Google's program popularized the term (deep) "dreaming" to refer to the generation of images that produce desired activations in a trained deep network, and the term now refers to a collection of related approaches.

History

The DeepDream software, originated in a deep convolutional network codenamed "Inception" after the film of the same name, [1] [2] [3] was developed for the ImageNet Large-Scale Visual Recognition Challenge (ILSVRC) in 2014 [3] and released in July 2015.

The dreaming idea and name became popular on the internet in 2015 thanks to Google's DeepDream program. The idea dates from early in the history of neural networks, [4] and similar methods have been used to synthesize visual textures. [5] Related visualization ideas were developed (prior to Google's work) by several research groups. [6] [7]

After Google published their techniques and made their code open-source, [8] a number of tools in the form of web services, mobile applications, and desktop software appeared on the market to enable users to transform their own photos. [9]

Process

Aurelia-aurita-3 (cropped).jpg
Aurelia-aurita-3-0009.jpg
Aurelia-aurita-3-0049.jpg
The original image (top) after applying ten (middle) and fifty (bottom) iterations of DeepDream, the network having been trained to perceive dogs and then run backwards

The software is designed to detect faces and other patterns in images, with the aim of automatically classifying images. [10] However, once trained, the network can also be run in reverse, being asked to adjust the original image slightly so that a given output neuron (e.g. the one for faces or certain animals) yields a higher confidence score. This can be used for visualizations to understand the emergent structure of the neural network better, and is the basis for the DeepDream concept. This reversal procedure is never perfectly clear and unambiguous because it utilizes a one-to-many mapping process. [11] However, after enough reiterations, even imagery initially devoid of the sought features will be adjusted enough that a form of pareidolia results, by which psychedelic and surreal images are generated algorithmically. The optimization resembles backpropagation; however, instead of adjusting the network weights, the weights are held fixed and the input is adjusted.

For example, an existing image can be altered so that it is "more cat-like", and the resulting enhanced image can be again input to the procedure. [2] This usage resembles the activity of looking for animals or other patterns in clouds.

Applying gradient descent independently to each pixel of the input produces images in which adjacent pixels have little relation and thus the image has too much high frequency information. The generated images can be greatly improved by including a prior or regularizer that prefers inputs that have natural image statistics (without a preference for any particular image), or are simply smooth. [7] [12] [13] For example, Mahendran et al. [12] used the total variation regularizer that prefers images that are piecewise constant. Various regularizers are discussed further in Yosinski et al. [13] An in-depth, visual exploration of feature visualization and regularization techniques was published more recently. [14]

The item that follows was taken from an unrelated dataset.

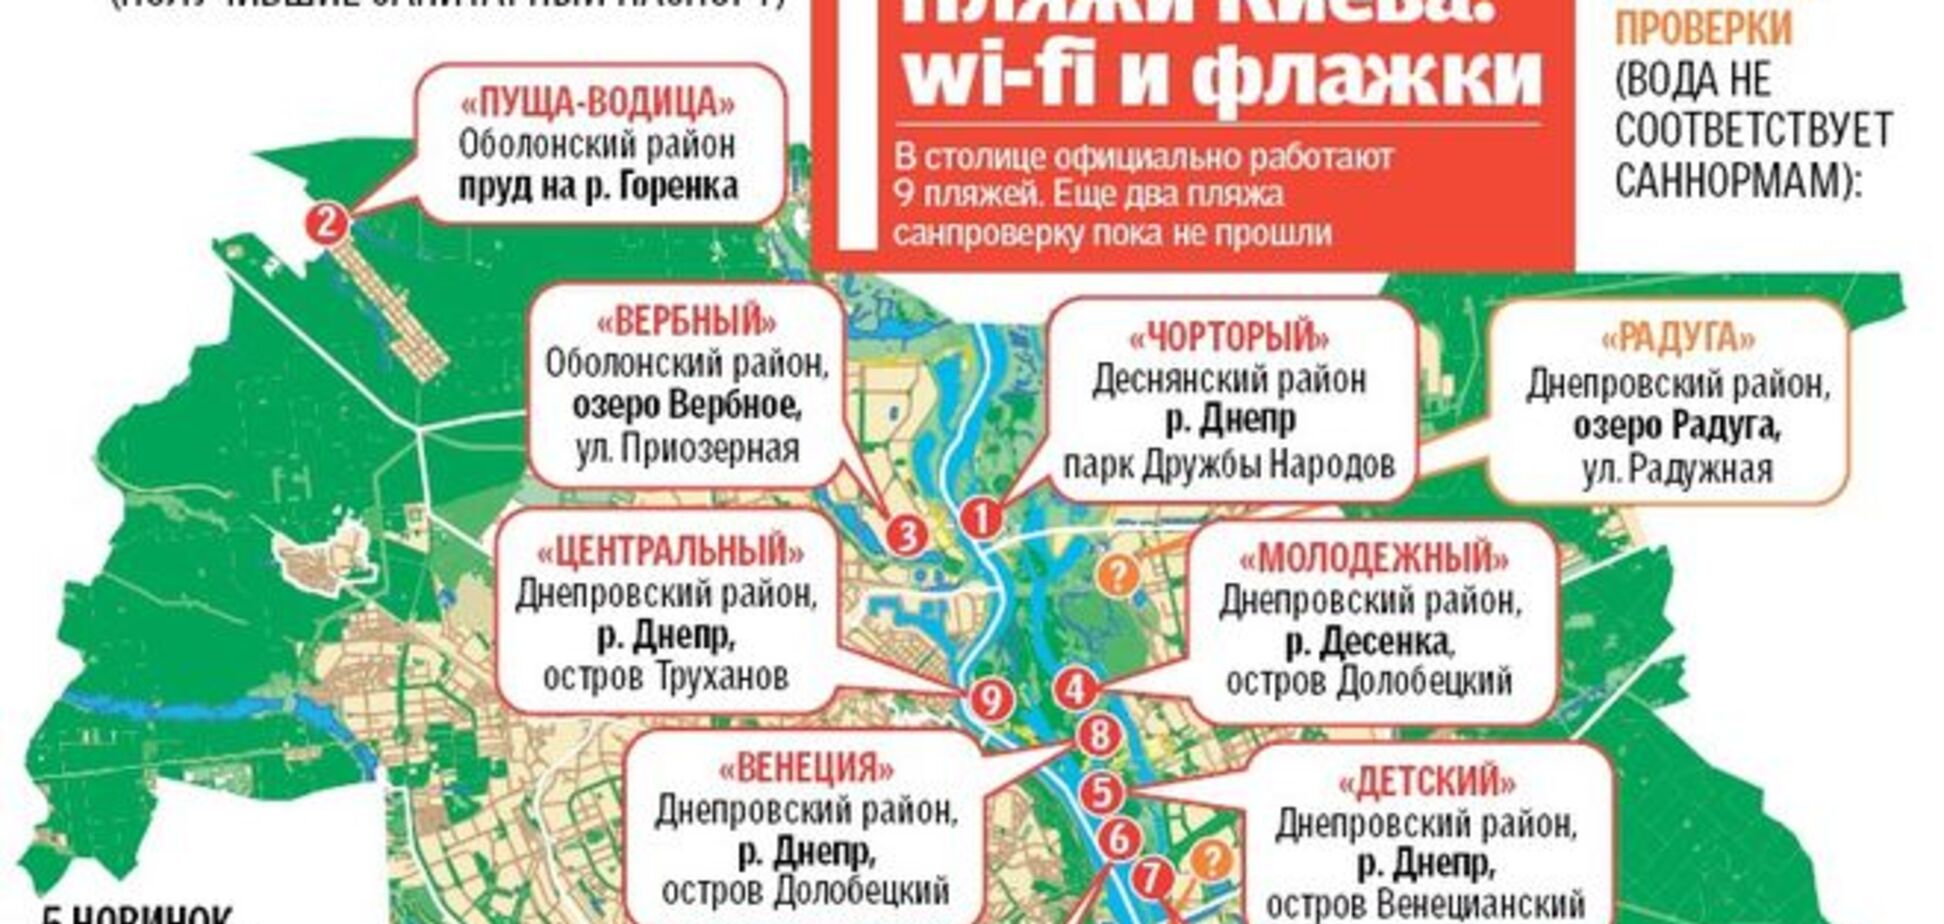 В Киеве официально открылись 9 пляжей: инфографика

The cited resemblance of the imagery to LSD- and psilocybin-induced hallucinations is suggestive of a functional resemblance between artificial neural networks and particular layers of the visual cortex. [15]

Neural networks such as DeepDream have biological analogies providing insight into brain processing and the formation of consciousness. Hallucinogens such as DMT alter the function of the serotonergic system which is present within the layers of the visual cortex. Neural networks are trained on input vectors and are altered by internal variations during the training process. The input and internal modifications represent the processing of exogenous and endogenous signals respectively in the visual cortex. As internal variations are modified in deep neural networks the output image reflect these changes. This specific manipulation demonstrates how inner brain mechanisms are analogous to internal layers of neural networks. Internal noise level modifications represent how hallucinogens omit external sensory information leading internal preconceived conceptions to strongly influence visual perception. [16]

Usage

A heavily DeepDream-processed photograph of three men in a pool Deep Dreamscope (19822170718).jpg
A heavily DeepDream-processed photograph of three men in a pool

The dreaming idea can be applied to hidden (internal) neurons other than those in the output, which allows exploration of the roles and representations of various parts of the network. [13] It is also possible to optimize the input to satisfy either a single neuron (this usage is sometimes called Activity Maximization) [17] or an entire layer of neurons.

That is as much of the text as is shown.